In the strict sense therefore even in commercial transactions, the Court is empowered to grant the interest lesser than the contract rate or even can disallow the interest in toto, but the circumstances should be exceptional for taking such a course. In the instant case, the respondents are petty businessmen and it is submitted on their behalf that they sustained loss in the business and in spite of the same, they repaid the major part of the loan amount during the pendency of the suit and subsequently they paid the remaining amount also as per the preliminary decree passed by the trial Court.
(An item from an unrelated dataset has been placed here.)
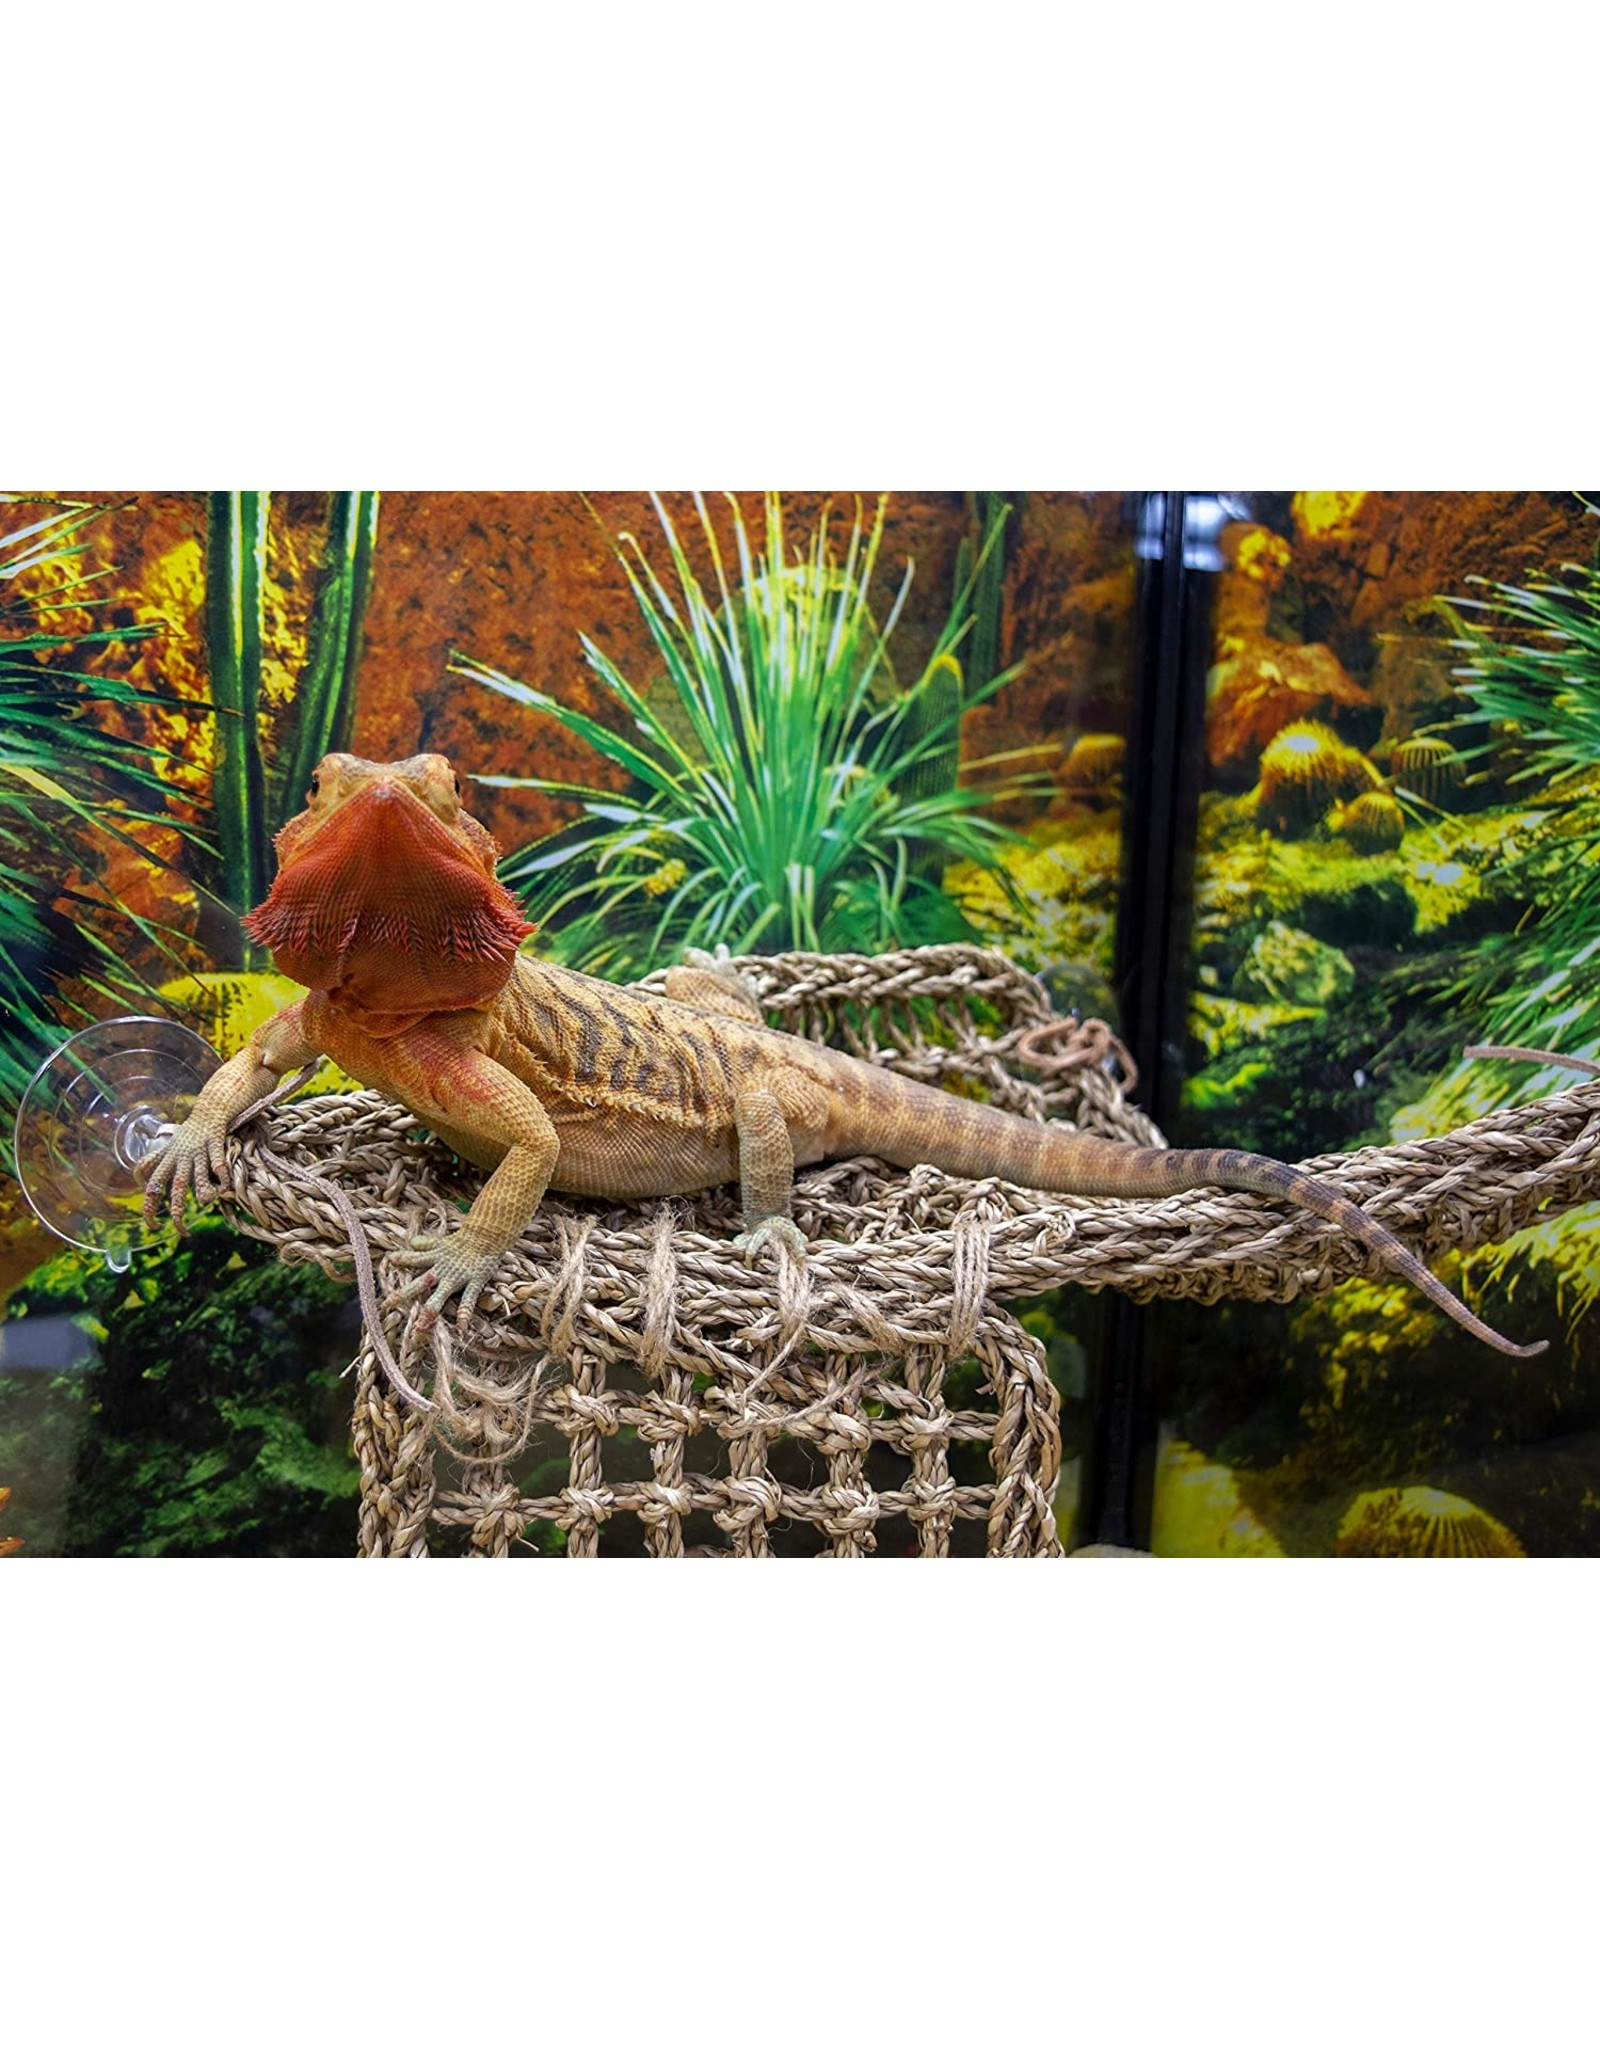 Penn Plax PENN PLAX Natural Lizard Lounger Hammock Corner

The said fact has not been denied by the learned counsel appearing for the appellant-bank. The loan amount was borrowed on 27.02.1987. No doubt in the strict sense the loan was obtained for commercial purpose. If the respondents are directed to pay interest @ 14% per annum on the amount of Rs.33,098.76 ps., it works out to a very huge amount and it causes undue hardship to the defendants. The learned trial Court considering the circumstances referred hereinabove rightly exercised its discretion to award further interest @ 6% per annum. The circumstances in which the interest lesser than the contractual rate was awarded by the trial Court, in my view, are very exceptional and granting further interest on the balance amount @ 6% per annum by the trial Court is perfectly justified in the instant case. It is not possible to accept the contention of the learned counsel appearing for the appellant-bank that the decree passed by the trial Court in so far as the interest is concerned, is contrary to law. For the foregoing reasons, absolutely I see no valid grounds to interfere with the decree and judgment passed by the learned trial Court and the contention that it is mandatory for the trial Court to grant interest at contractual rate is without any merit. The decree and judgment passed by the trial Court are confirmed and the appeal is dismissed. There shall be no order as to costs.